Safra farta anima pescadores artesanais em Shangri-lá e Barrancos
Por Redação
17 de Junho de 2026 às 16:37
A temporada da tainha está em pleno ritmo no litoral paranaense e, em pouco mais de um dia, pescadores artesanais já retiraram cerca de 25 toneladas do mar nos balneários de Shangri-lá e Barrancos. Entre terça-feira (16) e a manhã desta quarta-feira (17), onde a chegada de grandes cardumes lotou a faixa de areia com redes e peixes.

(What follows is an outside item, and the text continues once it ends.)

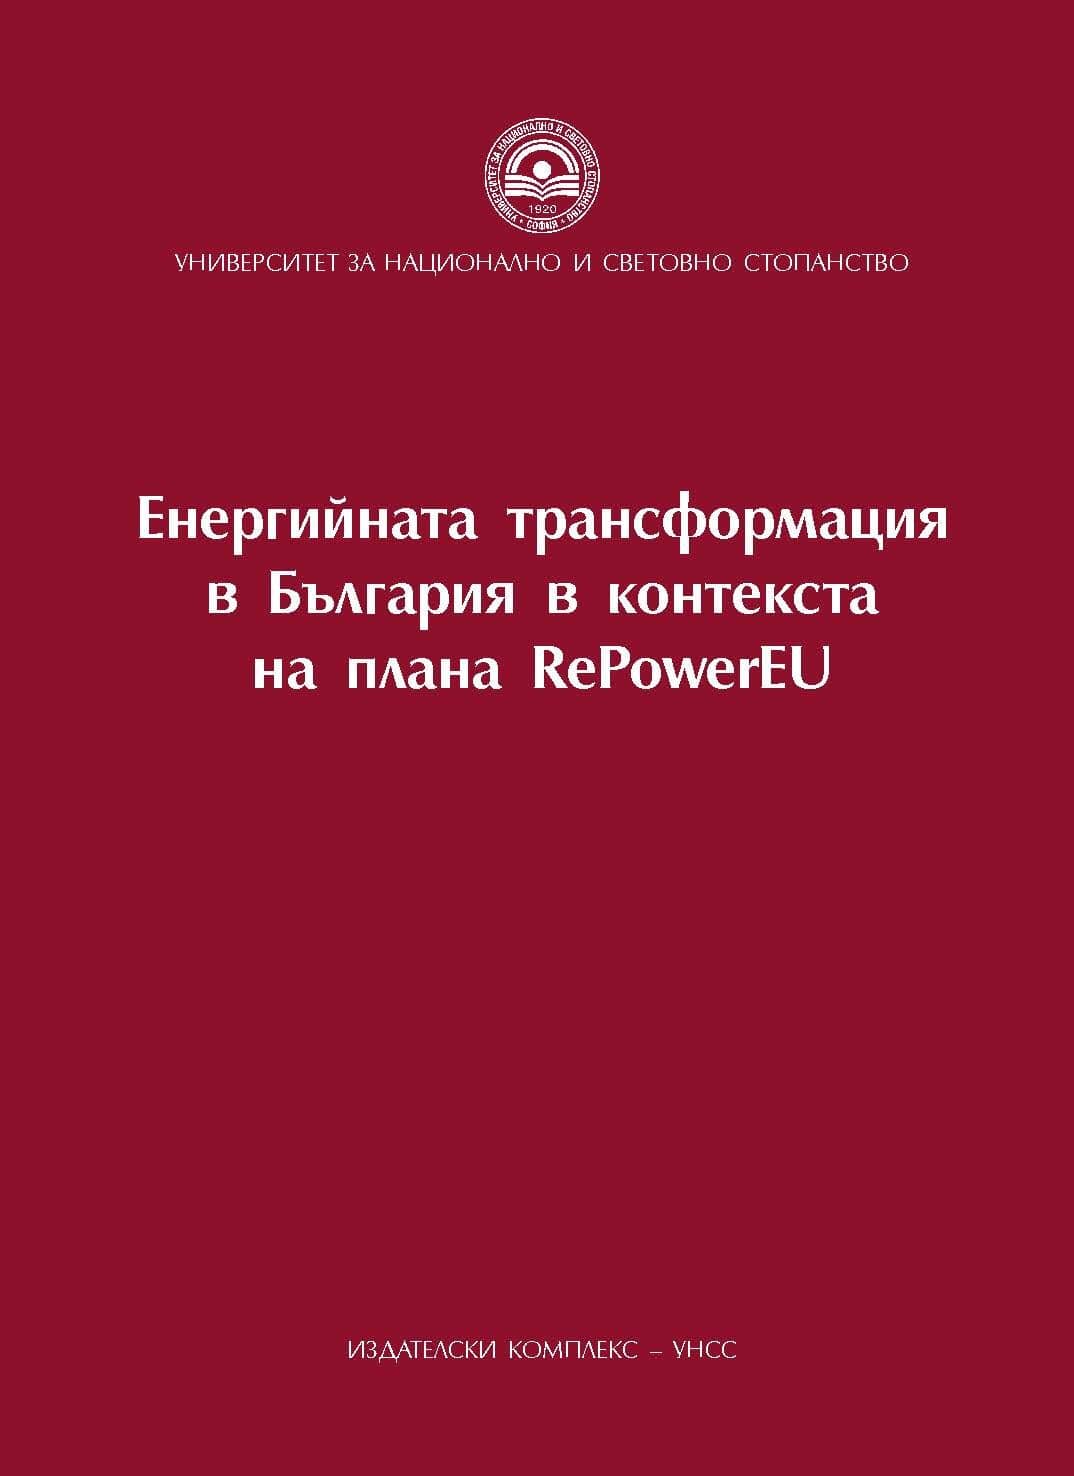 RePowerEU и новото поколение технологии за управление и контрол в секторите транспорт и енергетика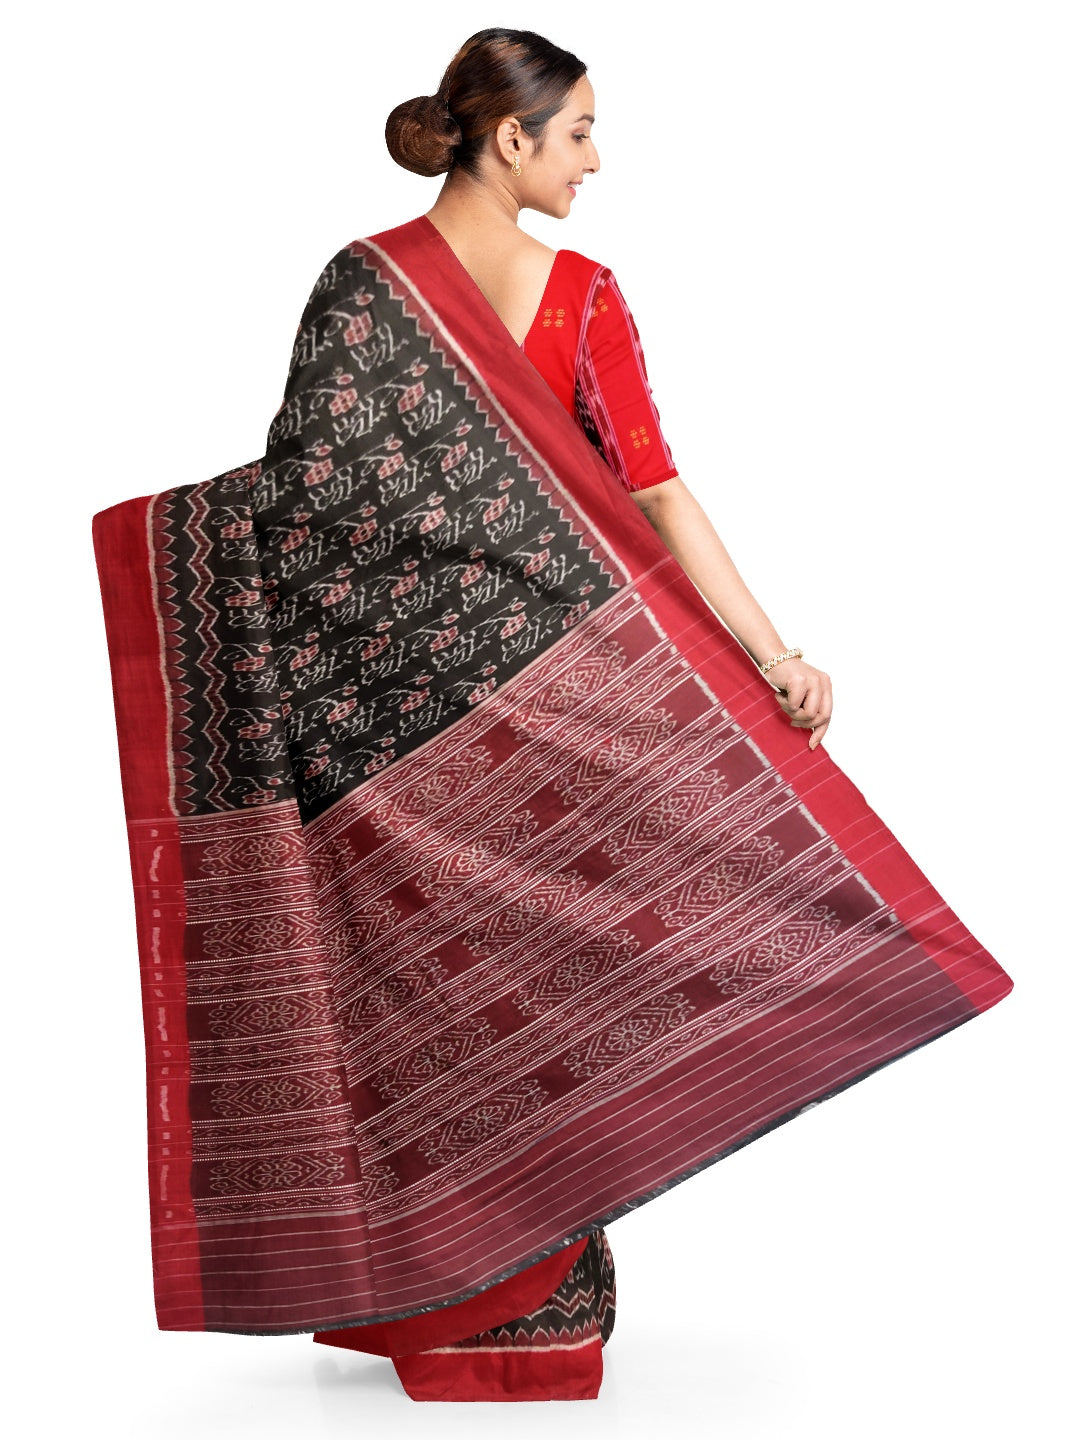 Black Sambalpuri Ikat Cotton Saree with matching blouse piece

Moradores que vivem da pesca explicam que a safra da tainha acontece entre maio e agosto, período em que os cardumes sobem do sul do continente rumo ao norte da costa brasileira. Nesse intervalo, a rotina das comunidades pesqueiras muda, já que muitos contam com a abundância do peixe para garantir renda e manter viva uma tradição que atravessa gerações.
A boa quantidade de tainha registrada nos últimos dias chamou a atenção de quem trabalha no mar. Segundo o pescador Elonai de Oliveira, apenas entre terça-feira (16) e a manhã desta quarta-feira (17) foram retiradas aproximadamente 25 toneladas de tainha das praias da região. O pescador Leonardo Tavares relatou uma das grandes capturas durante a passagem dos cardumes, quando o grupo se deslocava em direção ao Balneário de Barrancos e percebeu a intensa movimentação dos peixes perto da costa, resultando em um cerco que rendeu cerca de 10 toneladas.
“Estávamos indo para Barrancos quando avistamos um peixe. Paramos devagar para observar e, de repente, começou a saltar muito peixe. Aí todo pescador fica feliz. Fizemos o cerco e cercamos o cardume, com muitos peixes pulando. A expectativa é de que a safra continue melhorando nos próximos dias. Quem quiser comprar tainha fresca pode procurar a banca de Shangri-lá”, relatou Junior. A procura pelo peixe deve seguir alta, acompanhando a expectativa dos pescadores para os próximos dias de safra intensa.
Além de garantir sustento para dezenas de famílias, a pesca da tainha é parte importante da identidade cultural de Pontal do Paraná. Nos tradicionais arrastões, os pescadores se organizam em grupo para cercar os cardumes e puxar as redes até a areia, em um trabalho coletivo que é passado de pais para filhos e atrai a curiosidade de moradores e turistas. As condições de outono e inverno, com água mais fria e mudanças nas correntes marítimas, aproximam os cardumes da costa e tornam este um dos períodos mais aguardados pelas comunidades caiçaras do município.